Biodiesel is biodegradable and non-toxic and has a low carbon content, high lubricity, and higher ash point than diesel. The purpose of this study was to obtain data on the physicochemical properties of biodiesel from waste cooking oil (WCO) produced with different amounts of catalyst in the transesterification process. Methods This research carried out a two-step process: (1) esterification with an acid catalyst (H₂SO₄) and (2) transesterification with an alkali catalyst (KOH). The remaining frying oil is degummed by adding 2% H₃PO₄. Furthermore, the esterification process was carried out by adding 2% (v/v) H₂SO₄ at 800 rpm for 90 minutes.

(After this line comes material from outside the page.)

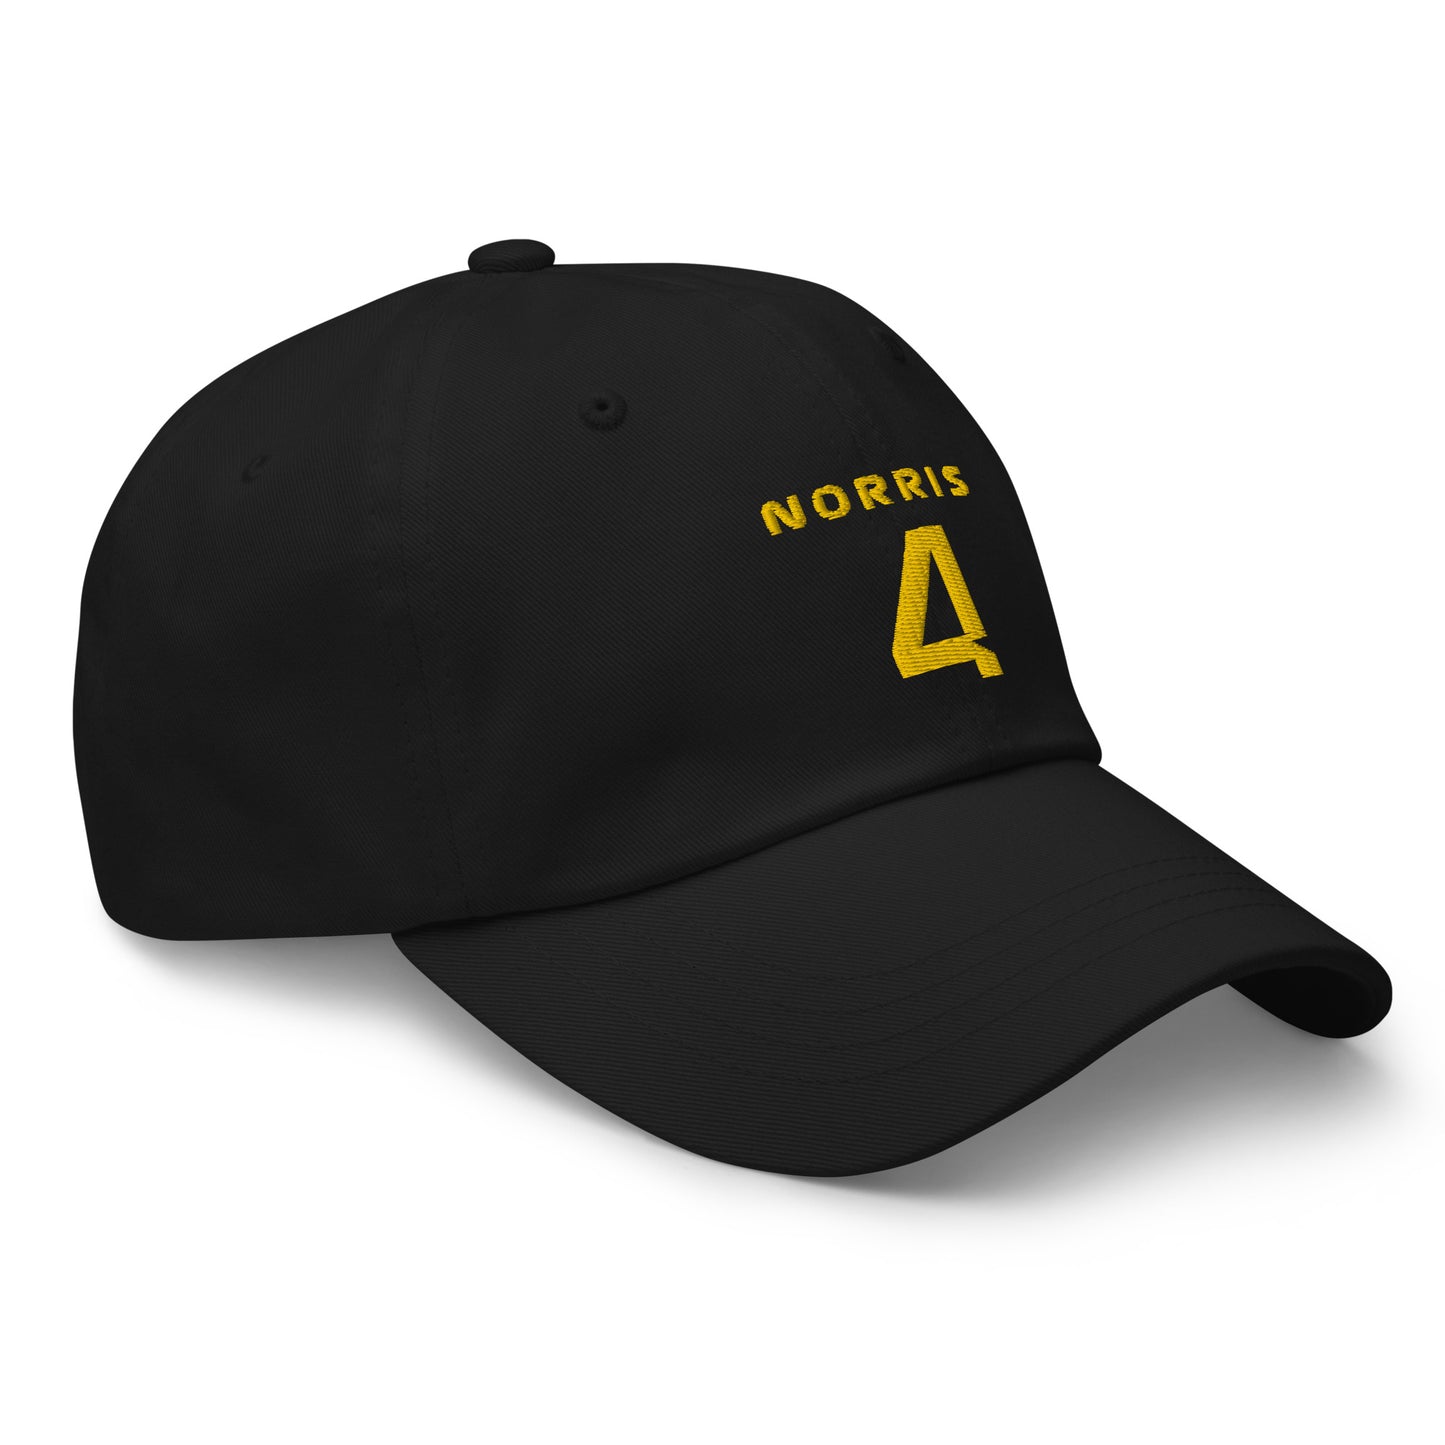 Lando Norris 4 Hat black

The transesterification process using an alkaline catalyst (KOH) was varied from 0.7-1.5% at a temperature of 60 ^oC with a rotation of 800 rpm and a time of 90 minutes. In the ester/transesterification process, the ratio of methanol: oil is 1:2 (v/v). The biofuels are then tested for cetane number, flash point, density, viscosity, calorific value, and others. The results showed that the amount of wet catalyst (KOH) in the transesterification process gave a difference in the yield of WCO oil. The optimum value was obtained at the amount of 1% KOH catalyst, which was 85%.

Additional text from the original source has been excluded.